Похоже, что малый сам был после дозы, а оттого веселый. Это его и отличало от Роджера. Тот не был веселым никогда.

— А хочешь, тетка, я тебя трахну? — спросил малый, любящий в этот момент весь мир. — Поди, лет десять тебя никто не трахал.

— Больше двадцати пяти, — ответила Лизбет.

— Да как же ты выжила? — изумился парень.

Она пожала плечами.

— Как-то…

— Так хочешь?

И вдруг неожиданно для себя она ответила: «Давай», — и полезла в палатку. Внутри парень уже не был таким веселым, тем не менее он ухватил Лизбет за зад и принялся расстегивать молнию на своих джинсах.

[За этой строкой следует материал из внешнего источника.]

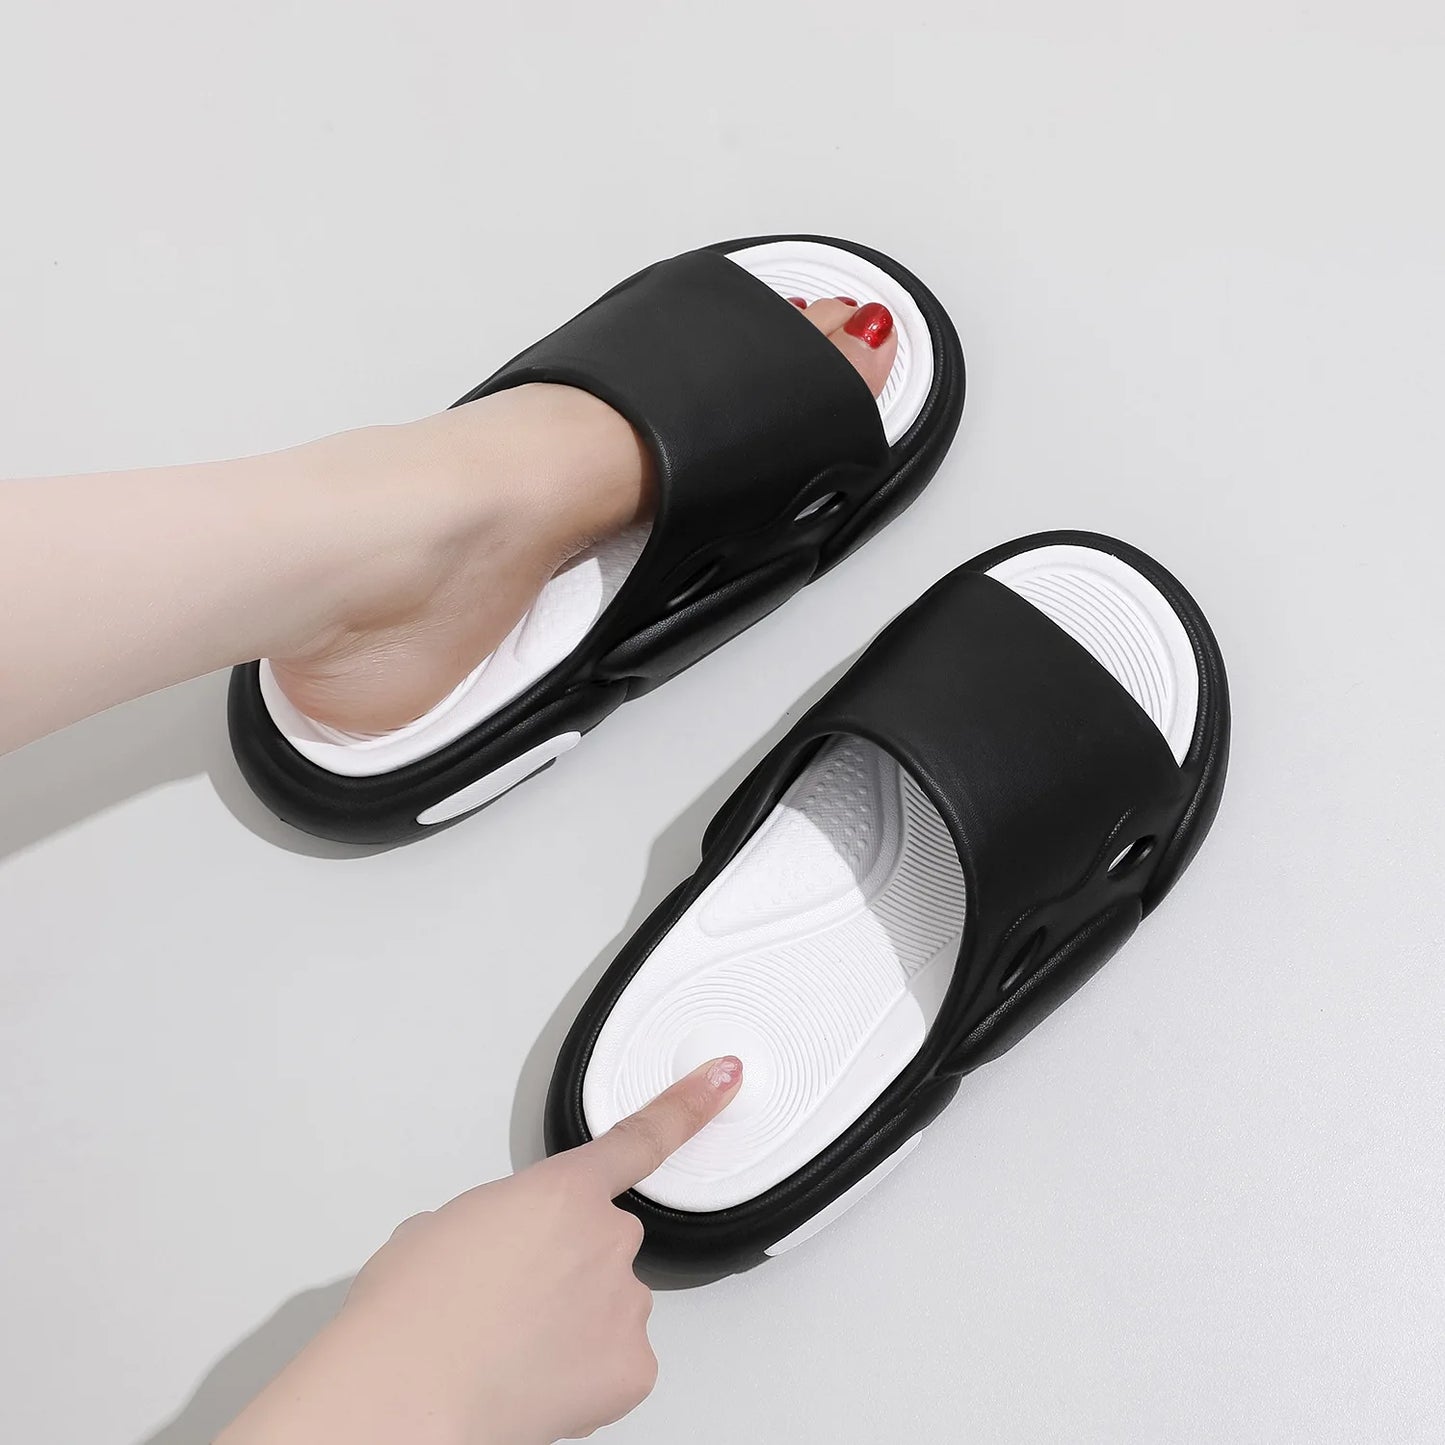 KIDMI Women Platform Flat Slippers Fashion Women EVA Slippers 2024 Summer Beach Slippers Home Bathroom Sandals New Unisex Shoes

А она представила, как ею овладевает сын. Тотчас желудок ответил спазмом, и ее чуть не вытошнило здесь же.

— Ты прости меня! — оттолкнула Лизбет парня. — Не смогу я!

— А мне как быть? — вскинулся малый. — У меня прибор наизготовку!

— Прости! — Она вытащила из сумки все, какие были, деньги и сунула ему. — Пойди, найди какую-нибудь красивую девчонку и пригласи ее куда-нибудь. Зачем я тебе, старуха? Я скоро умру!..

Он взял из ее руки деньги, сказал напоследок: «Прощай, бейби», — и со спущенными штанами вылез из палатки.

Лизбет легла на надувную подушку и подумала о сыне. Подумала самую малость, а слезы на глаза пришли.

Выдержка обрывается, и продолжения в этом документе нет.